How the Naive Bayes classifier works

We will try to understand all of this by looking at the example of the Titanic. While the Titanic was sinking, a few of the categories had priority over others, in terms of being saved. We have the following dataset (it is a Kaggle dataset):

Person category	Survival chance
Woman	Yes
Kid	Yes
Kid	Yes
Man	No
Woman	Yes
Woman	Yes
Man	No
Man	Yes
Kid	Yes
Woman	No
Kid	No
Woman	No
Man	Yes
Man	No
Woman	Yes

Now, let's prepare a likelihood table for the preceding information:

		Survival chance
		No	Yes	Grand Total
Category	Kid	1	3	4	4/15=	0.27
Man	3	2	5	5/15=	0.33
Woman	2	4	6	6/15=	0.40
	Grand Total	6	9	15
		6/15	9/15
		0.40	0.6

Let's find out which category of people had the maximum chance of survival:

Kid - P(Yes|Kid)= P(Kid|Yes) * P(Yes)/P(Kid)

P(Kid|Yes) = 3/9= 0.3

P(Yes) = 9/15 =0.6

P(Kid)= 4/15 =0.27

P(Yes|kid) = 0.33 *0.6/0.27=0.73

Woman - P(Yes|Woman)= P(Woman|Yes) * P(Yes)/P(Woman)

P(Woman|Yes) = 4/9= 0.44

P(Yes) = 9/15 =0.6

P(Woman)= 6/15 =0.4

P(Yes|Woman) = 0.44 *0.6/0.4=0.66

Man - P(Yes|Man)= P(Man|Yes) * P(Yes)/P(Man)

P(Man|Yes) = 2/9= 0.22

P(Yes) = 9/15 =0.6

P(Man)= 6/15 =0.33

P(Yes|Man) = 0.22 *0.6/0.33=0.4

So, we can see that a child had the maximum chance of survival and a man the least chance.

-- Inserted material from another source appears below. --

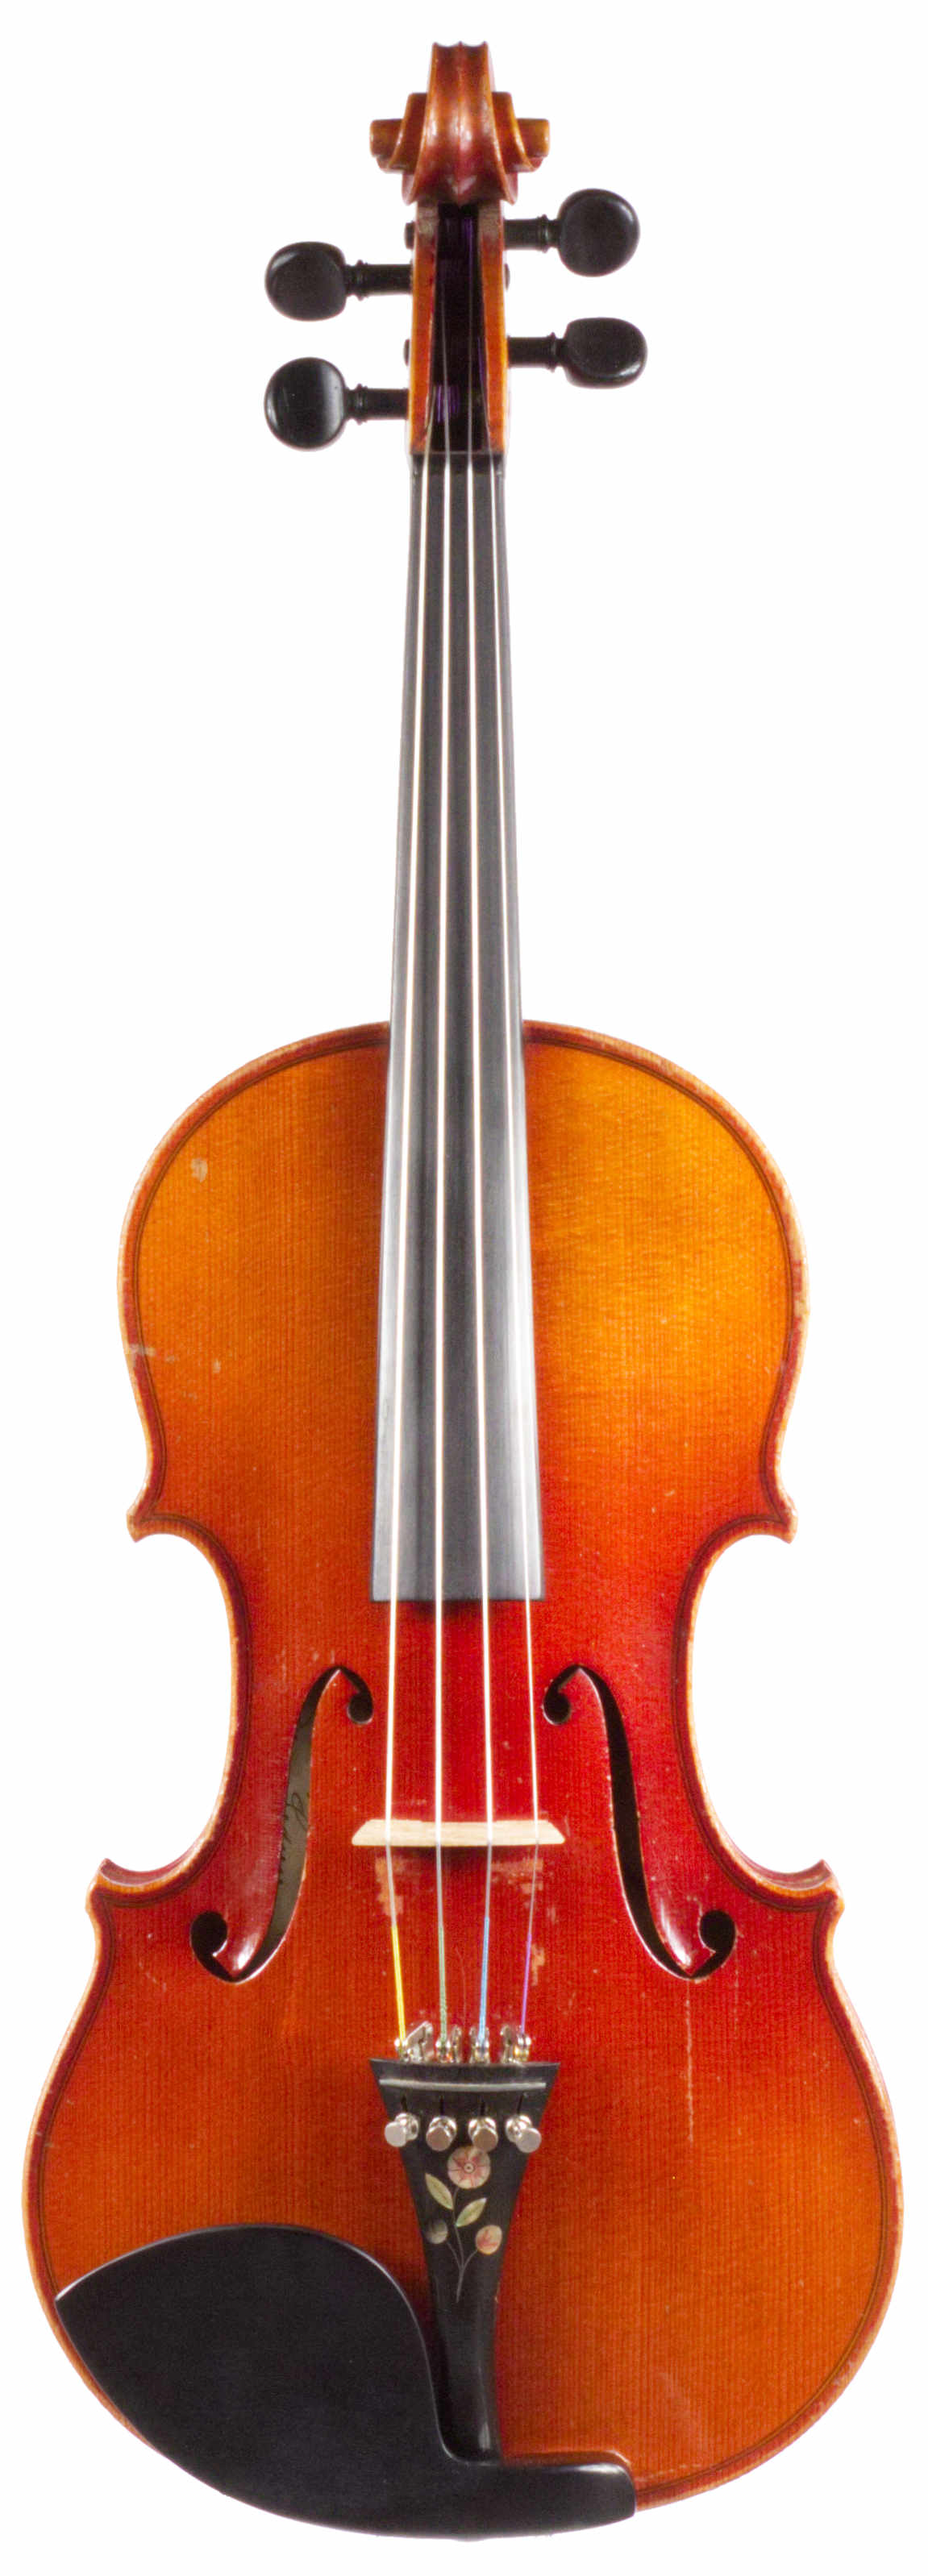 Roth and Lederer violin

Let's perform the sentiment classification with the help of Naive Bayes, and see whether the result is better or worse:

from sklearn.naive_bayes import MultinomialNB
# splitting data into training and validation set
xtraintf, xtesttf, ytraintf, ytesttf = train_test_split(tfidfV, Newdata['label'], random_state=42, test_size=0.3)
NB= MultinomialNB()
NB.fit(xtraintf, ytraintf)
prediction = NB.predict_proba(xtesttf) # predicting on the test set
prediction_int = prediction[:,1] >= 0.3 # if prediction is greater than or equal to 0.3 than 1 else 0
prediction_int = prediction_int.astype(np.int)
print("F1 Score-",f1_score(ytest, prediction_int))
print("Accuracy-",accuracy_score(ytest,prediction_int))

The output is as follows:

Here, we can see that our previous results were better than the Naive Bayes results.